My husband grabbed one end of the five foot cardboard box & I the other. We attempted a few different ways to shove it into my 4-door 2005 Honda Accord.
"It's not going to work," he asserted.
"No. I think I can get it," I countered.
I ran to the opposite side - attempting one last maneuver to cram it into my backseat.
"Gosh darn stuff!" I grunted as I invested my last bit of energy.
Finally! The box cleared the door frame & landed on my seat... sideways.
My husband affirmed the obvious, "You know it's just going to all fall out when you pull it out?"
"I know," I sighed.
I drove the car to the grassy yard sale site a quarter mile from our home. In an attempt to spare my poor husband from any more of my great ideas related to this venture, I decided to transport the box from my car & up a small hill.
Surprisingly, it wasn't too difficult to slide it out the door. 'Phew' I thought. 'This shouldn't be too bad.'
Within seconds, clothes started to pop out the top - now side - of the box as it puckered & buckled. All of the clothes I painstakingly folded into nice, neat piles according to type melted into a jumbled soup on the sidewalk. Not only was it fabric that lie on the ground - it represented wasted money, wasted time, wasted opportunity.
I wanted to cry.
Not because the clothes were becoming dirty. Not because my organization & planning went to waste. Not because my husband could gloat about being right. And not because of the woman parked nearby who stared at me blankly as I contorted myself to save the contents.
I felt defeated by my own insatiable desire to acquire so much stuff.
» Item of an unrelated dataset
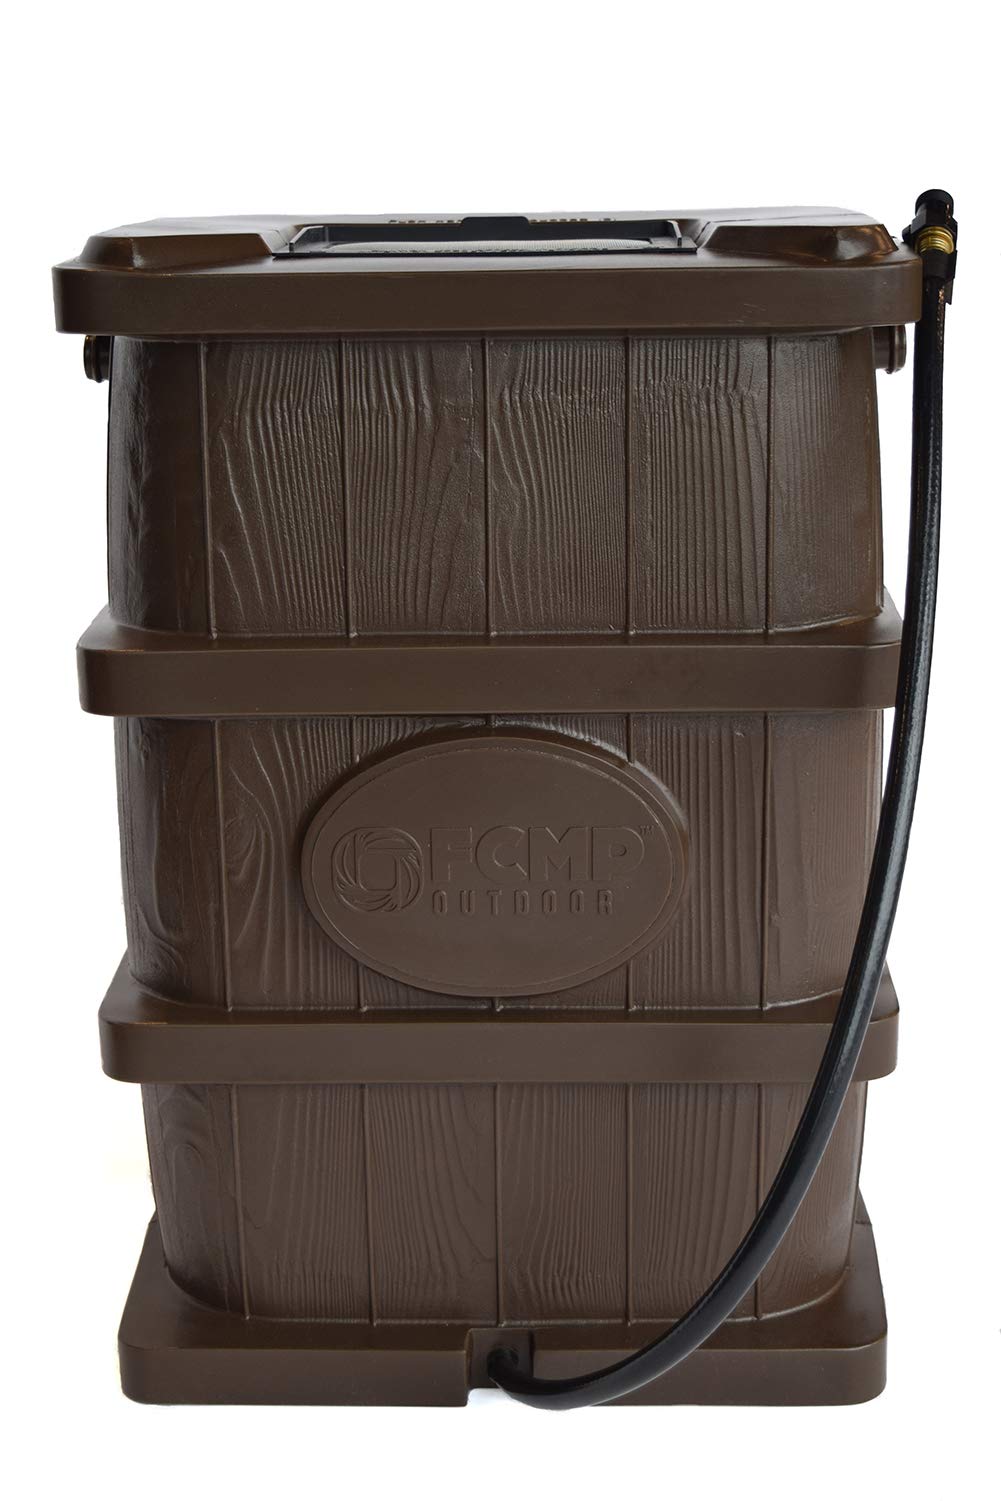 FCMP Outdoor Wood Grain 45-Gallon Rain Barrel

I burdened myself with this debacle. I got myself into this mess. After 2 years of simplifying, clothing is my last hurdle.
I spent a few hours upset about the situation. Until I came to a realization - a remembering.
This is a painful reminder of why I should never let it get to this point ever again.
It never would have been enough. The stuff never made me truly content, & I blindly continued to search for happiness in acquiring more.
The truth is that I am enough just as I am - no more but definitely with less.